Exercise aim:
The response should contain only the line with "Panasonic Cr2 3v Lithium Battery" and every line after it to the end of the listing below, duplicated exactly; no picture belongs in it.

Dataset content:
+--
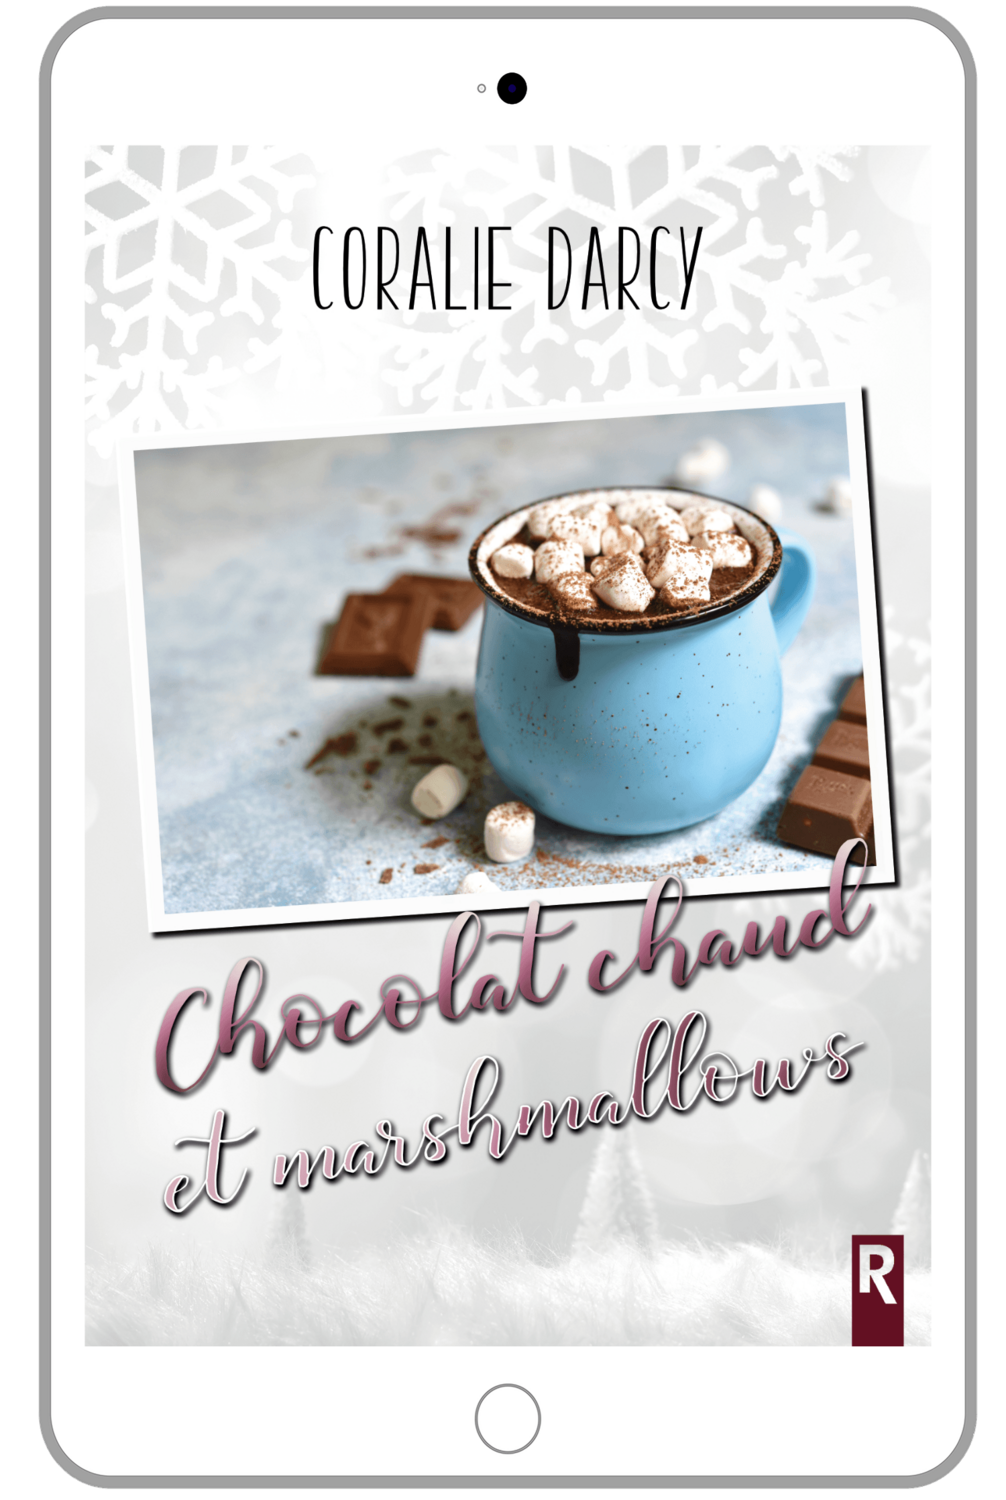 Chocolat chaud et marshmallows - Coralie DARCY
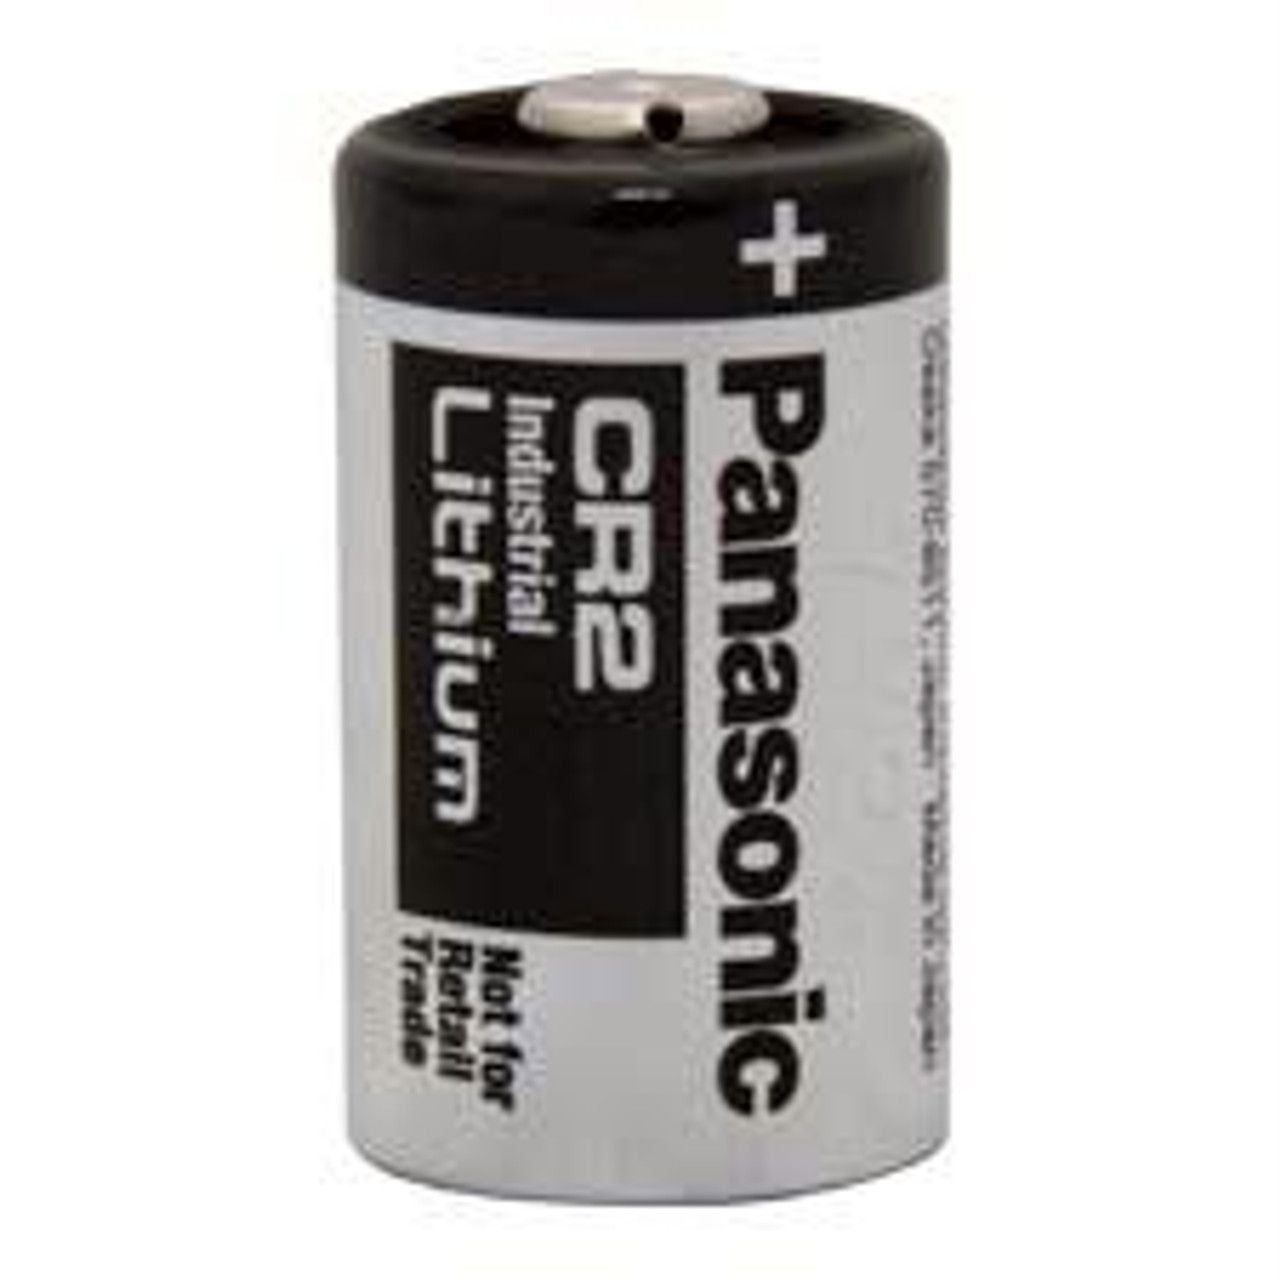 Panasonic Cr2 3v Lithium Battery
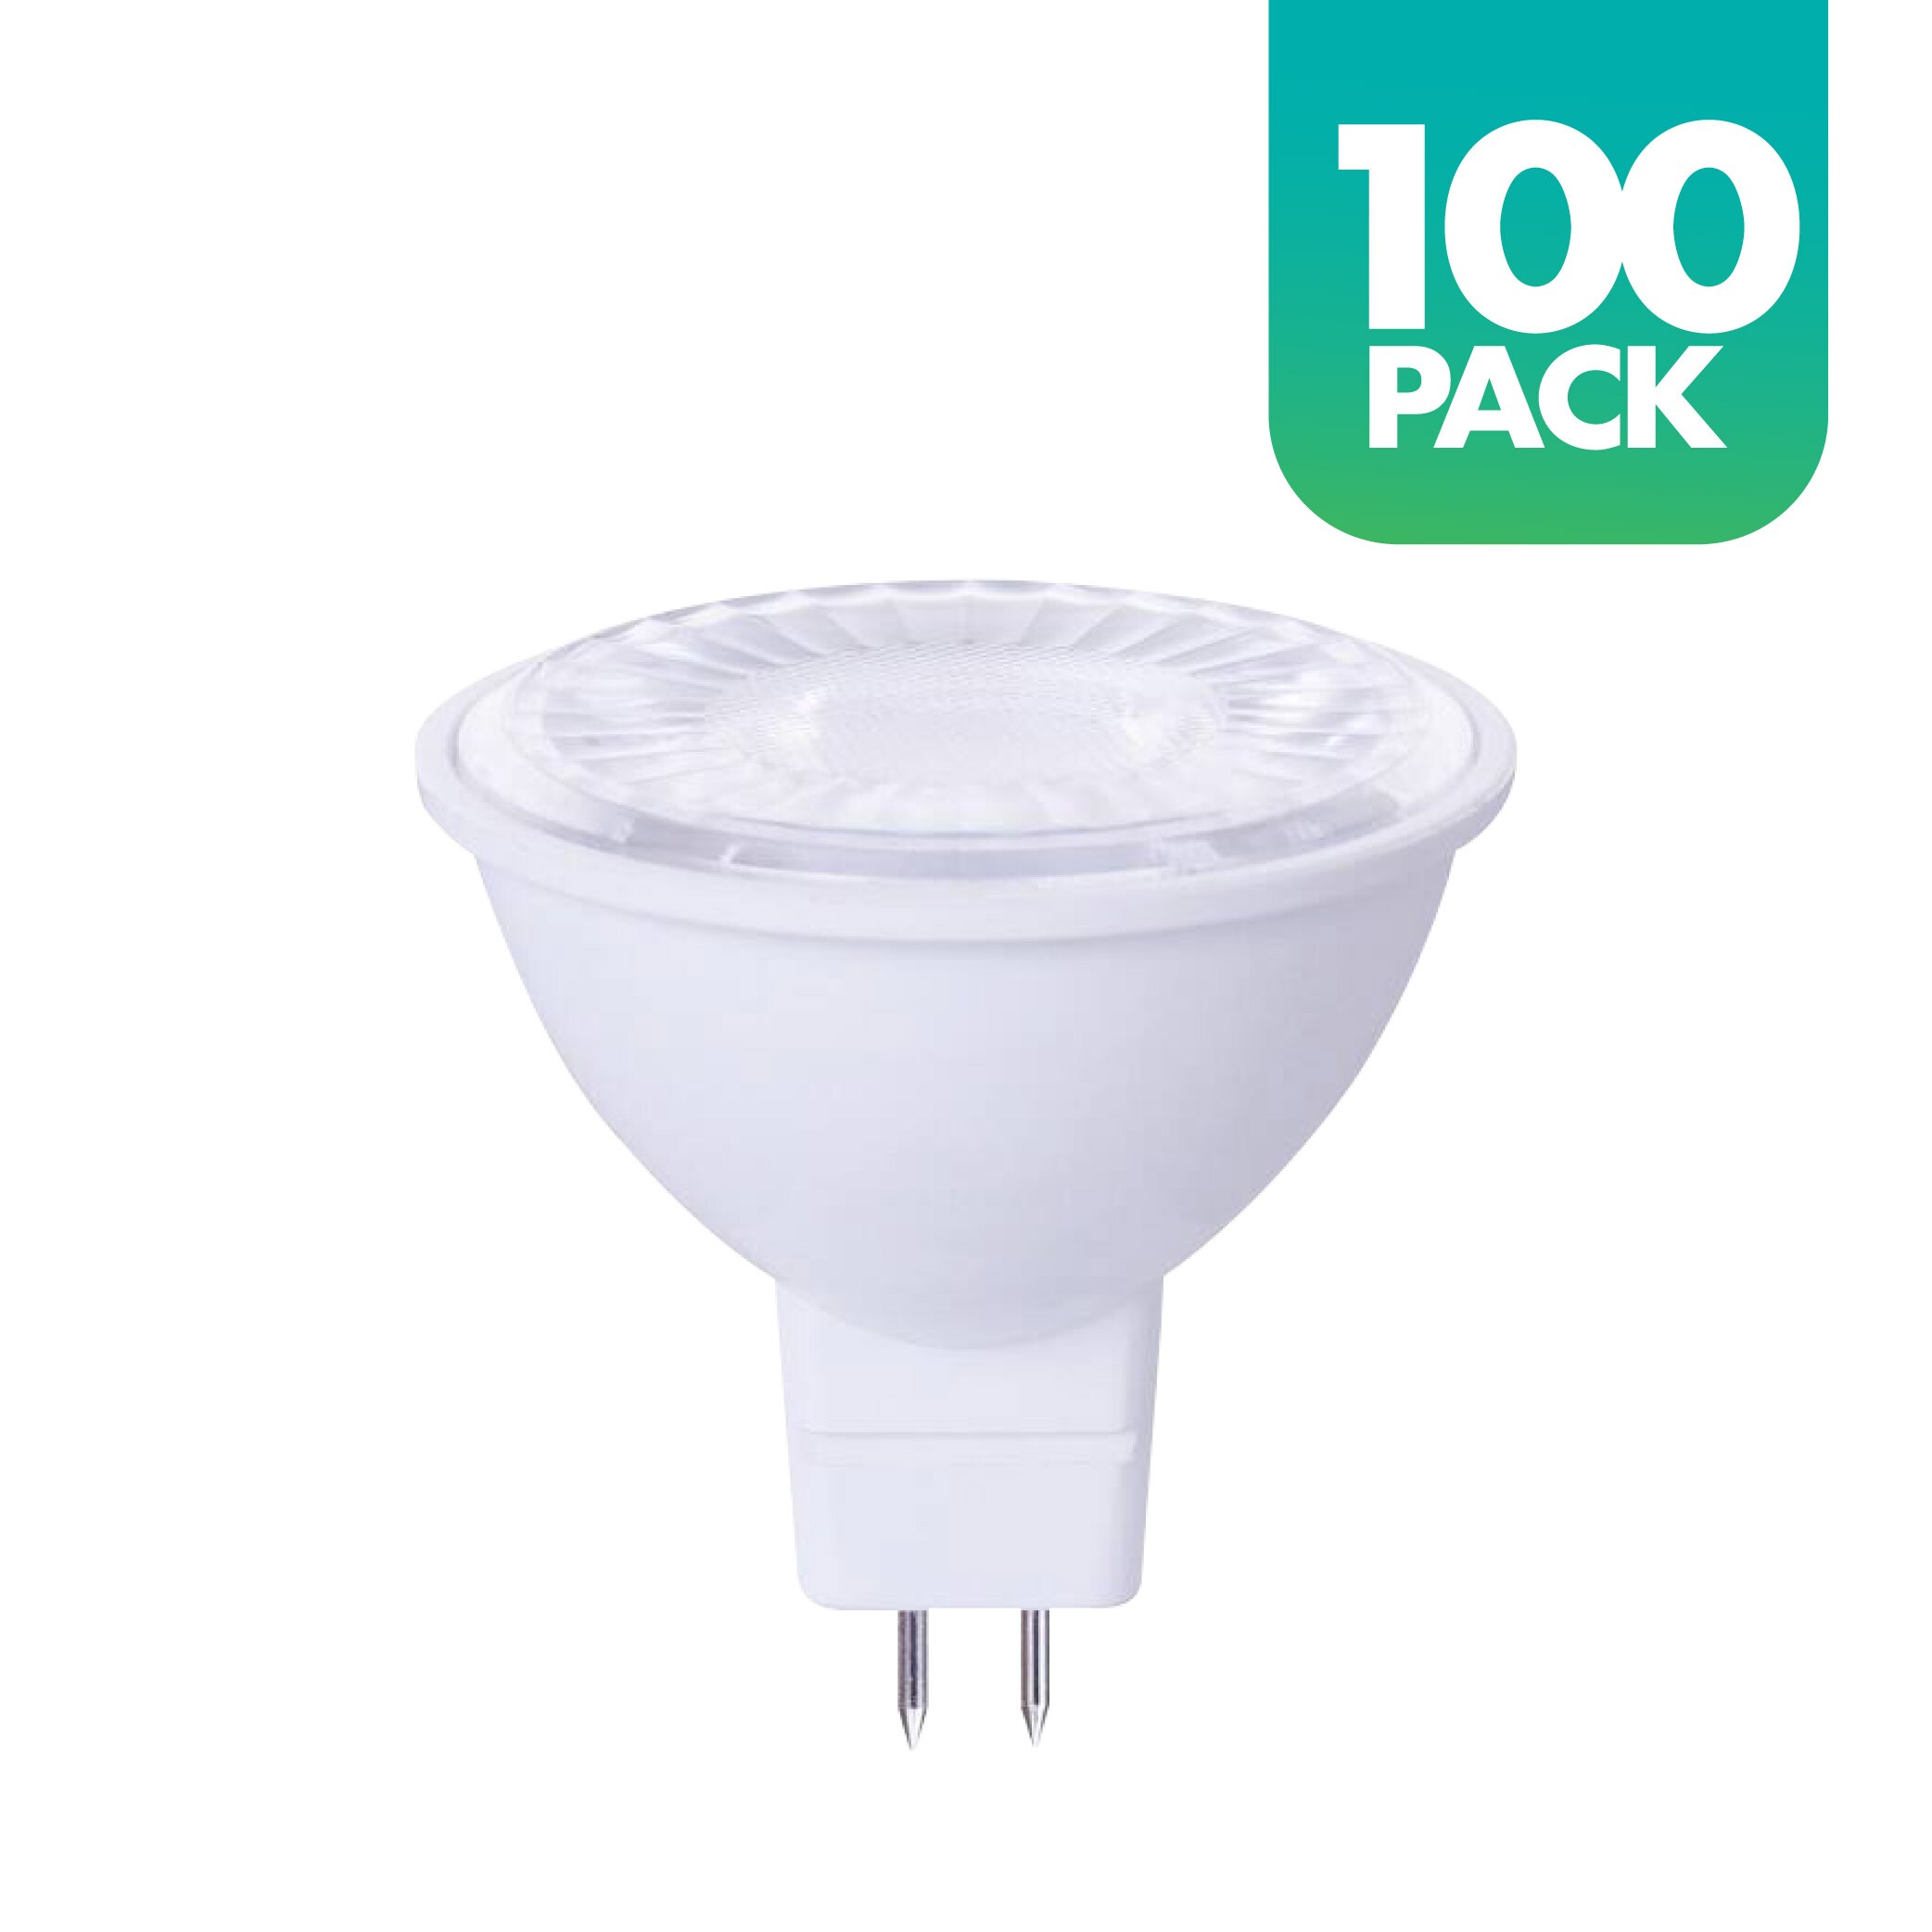 Incubus forstene højdepunkt Simply Conserve ENERGY STAR GU5.3 50-watt EQ 50-Watt EQ LED Mr16 Warm White  G5.3 Base Dimmable Flood Light Bulb (100-Pack) in the Spot & Flood LED  Light Bulbs department at Lowes.com
+--
Solution for this problem:
 Panasonic Cr2 3v Lithium Battery
 Incubus forstene højdepunkt Simply Conserve ENERGY STAR GU5.3 50-watt EQ 50-Watt EQ LED Mr16 Warm White  G5.3 Base Dimmable Flood Light Bulb (100-Pack) in the Spot & Flood LED  Light Bulbs department at Lowes.com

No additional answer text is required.